I'll second that, Anonymous.

I really don't know enough about nuclear fusion to know if that's the way out, but judging by recent evidence, nuclear reactors do not really seem like a way out of the energy crisis, at least ethically speaking.

It does seem true that most of the debate is split along lines that have nothing to do with scientific evidence, given that a whole lot of us aren't educated well enough to have a truly informed opinion.

adrian mckinty said...

Anon

Yeah that was fun wasn't it?

adrian mckinty said...

Seana

I think Fusion really could be something if they could get it to work, but will they ever get it to work?
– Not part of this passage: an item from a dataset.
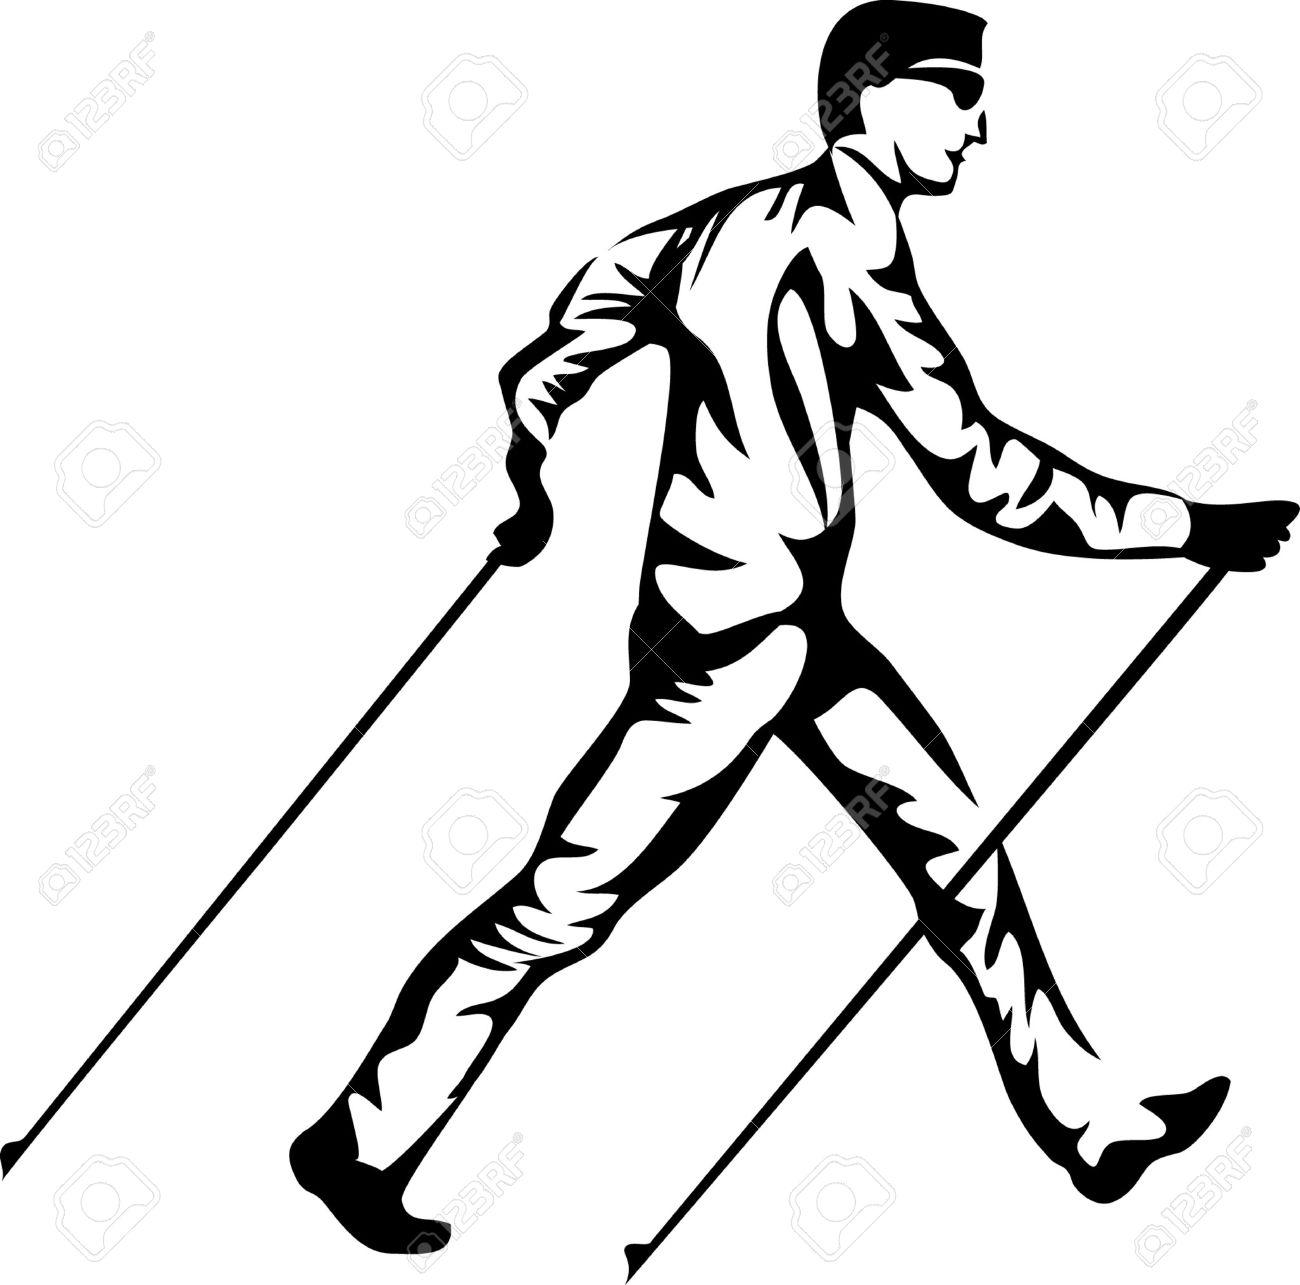 Nordic walking clipart.

I think Lynas is a little to free and easy about the safey concerns of fast breeder reactors.

André Pilz said...

Well - my country supports the children who lived or whose parents lived in Belarus, children who still suffer from the nuclear power plant accident in Cheronobyl (some of them were not even born then and still suffer, which is scary), I met some of them once, I am very glad my country will give up nuclear power soon (I think 2020), and all parties in the parliament agree from the Greens to the conservatives (Angela Merkel said this year: Nuclear Power Plants are not controllable - after promoting them for decades). I like different opinions, but Mark Lynas - if I may jugde him from his appearence in our medias, I have not read his book - is a very good salesman, who can sell his strong views very good and gets a lot of attention. Some well known scientists have torn some of his thesis to shred here. Which might not mean his wrong, I just think, if you go to the public with very provocative thesis you get a lot of attention, no matter, if they are build on sand or stone. I do hope my country will take the step to the future with alternative energies. We'll see if we can make it.

adrian mckinty said...

Andre

Yeah I am very suspicious of fission reactors. I mean the timing of Lynas's book couldnt have been worse could it what with the disaster in Japan in everything, but Lynas is such a terrific salesman that somehow he seems to have turned all that to his advantage. I dont quite know how.

Sheiler said...

I think on paper nuclear is the best way we have for energy but man in real life practice, it's foolhardy. If people are involved in the constructing, running, and protecting the plants, we're doomed because someone will always be cutting corners. And the mistakes are so grave. It almost makes a great case to be ruled by robots.

But what I am curious about is the nonGM foods. Does he mention anything about people with allergies and GM foods? I once had to be hospitalized because I'd taken some chlorella (pill form) that had been cut with alflalfa, which was not indicated on the bottle because it hadn't been an ingredient. A gene from one element spliced into something else might possibly have similar effects on people.